§ What you are asked to do:
Begin the copy at the line containing "Пример написания русского" in the data below and end it at the line containing "Капак + седалка", keeping each line exact and leaving out pictures.

§ Material for this task:
● ● ● ● ●
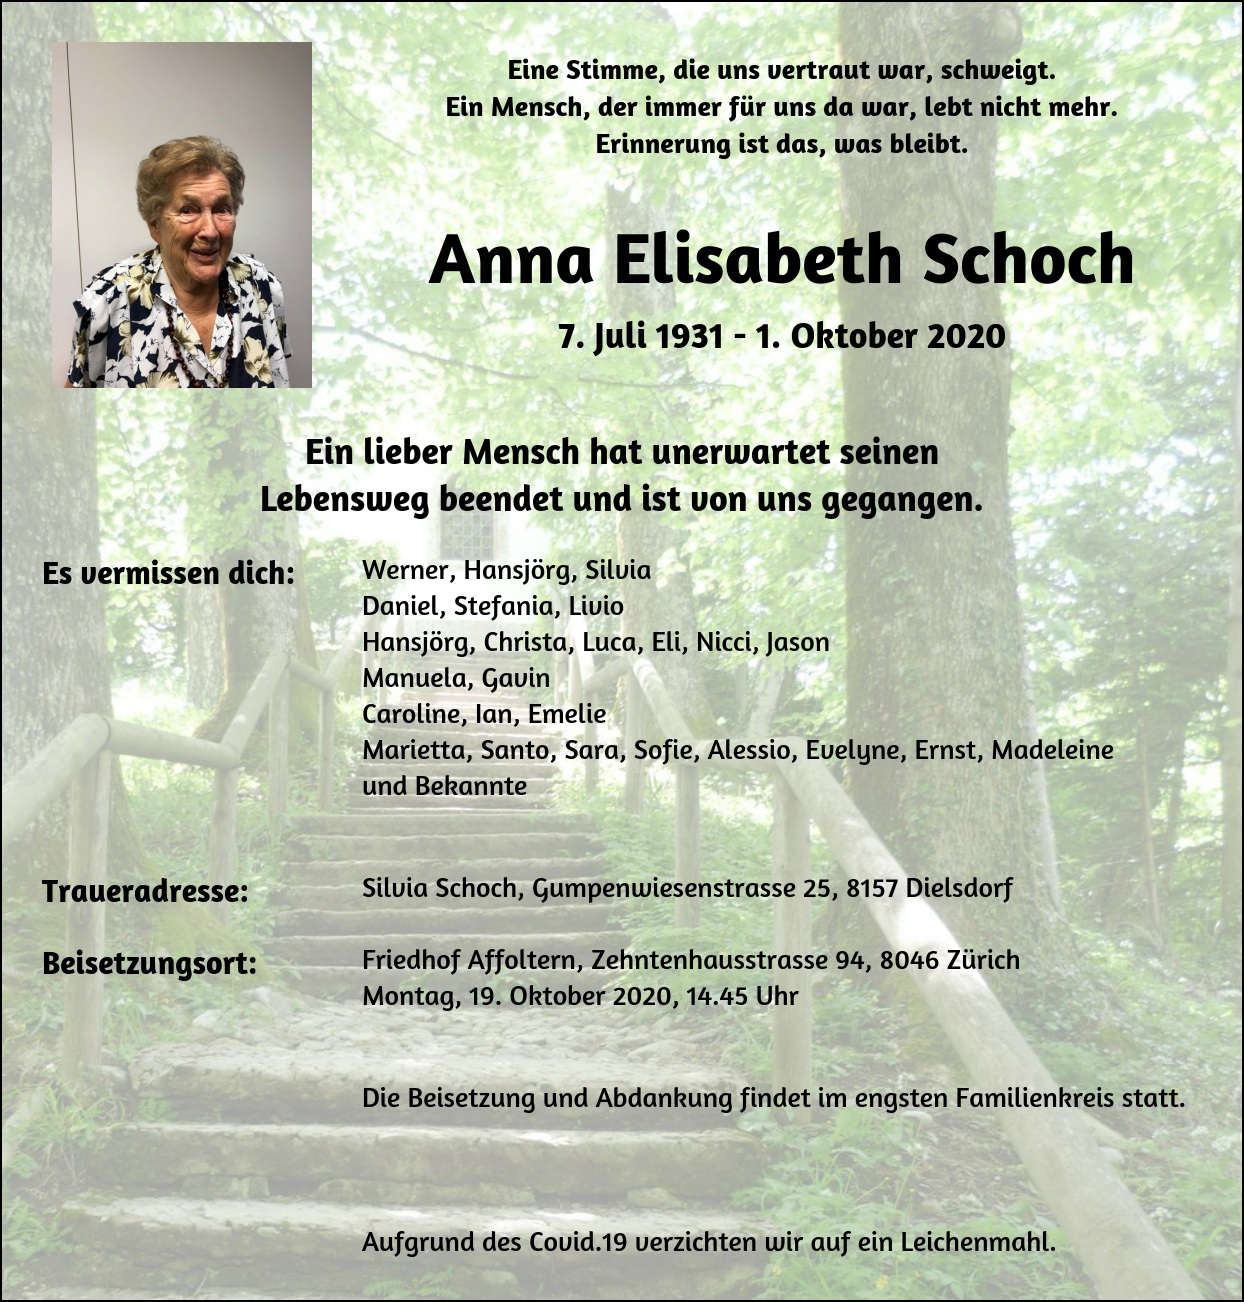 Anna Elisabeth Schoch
● ● ● ● ●
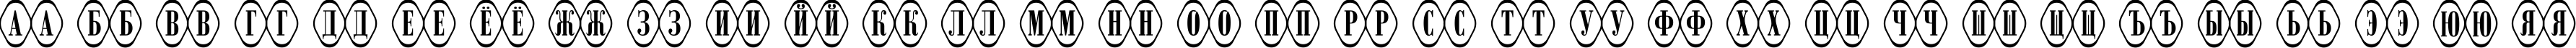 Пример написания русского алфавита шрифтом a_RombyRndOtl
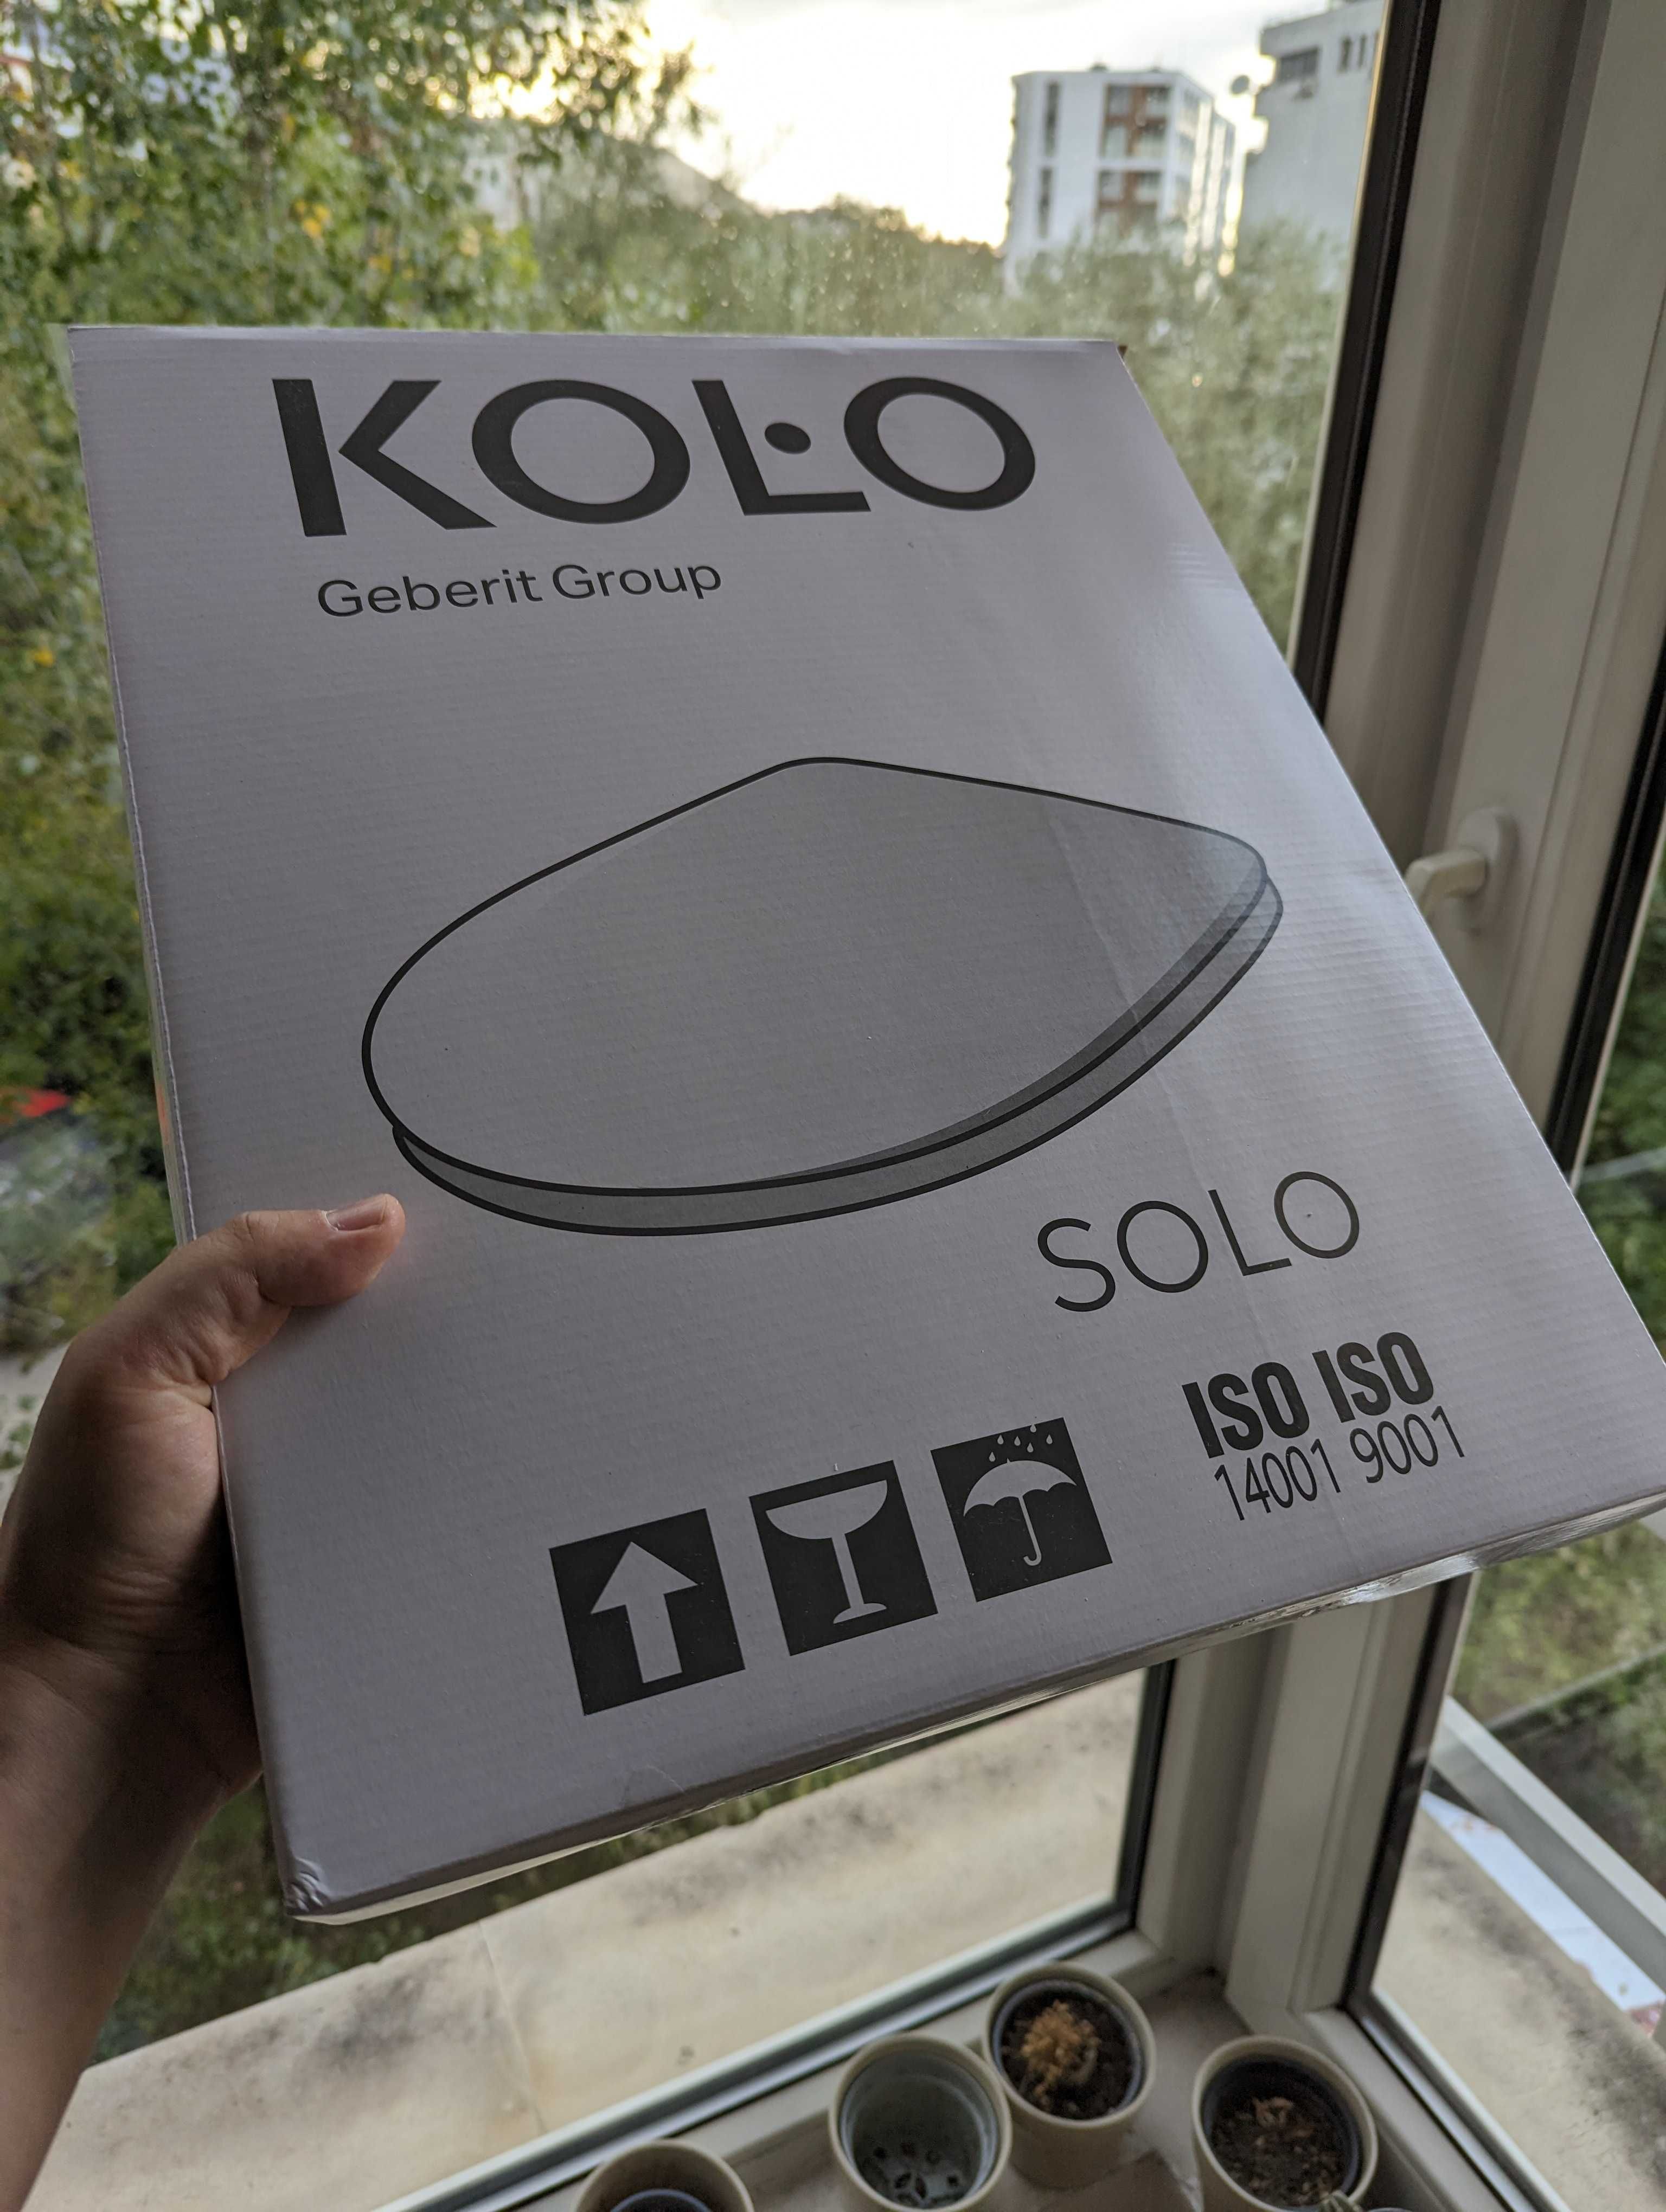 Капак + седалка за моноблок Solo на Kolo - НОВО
● ● ● ● ●
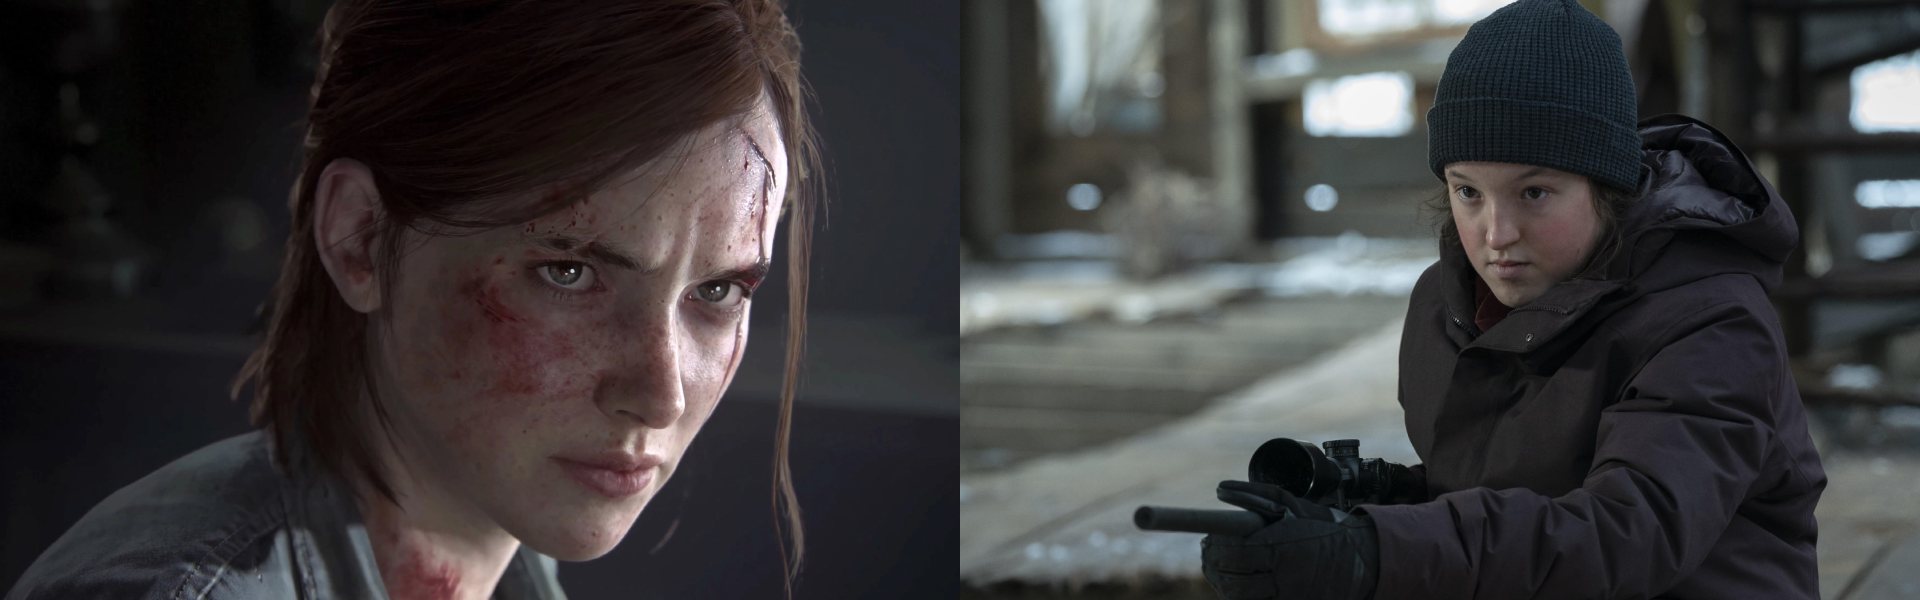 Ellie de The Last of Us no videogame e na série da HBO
● ● ● ● ●
§ Reply:
 Пример написания русского алфавита шрифтом a_RombyRndOtl
 Капак + седалка за моноблок Solo на Kolo - НОВО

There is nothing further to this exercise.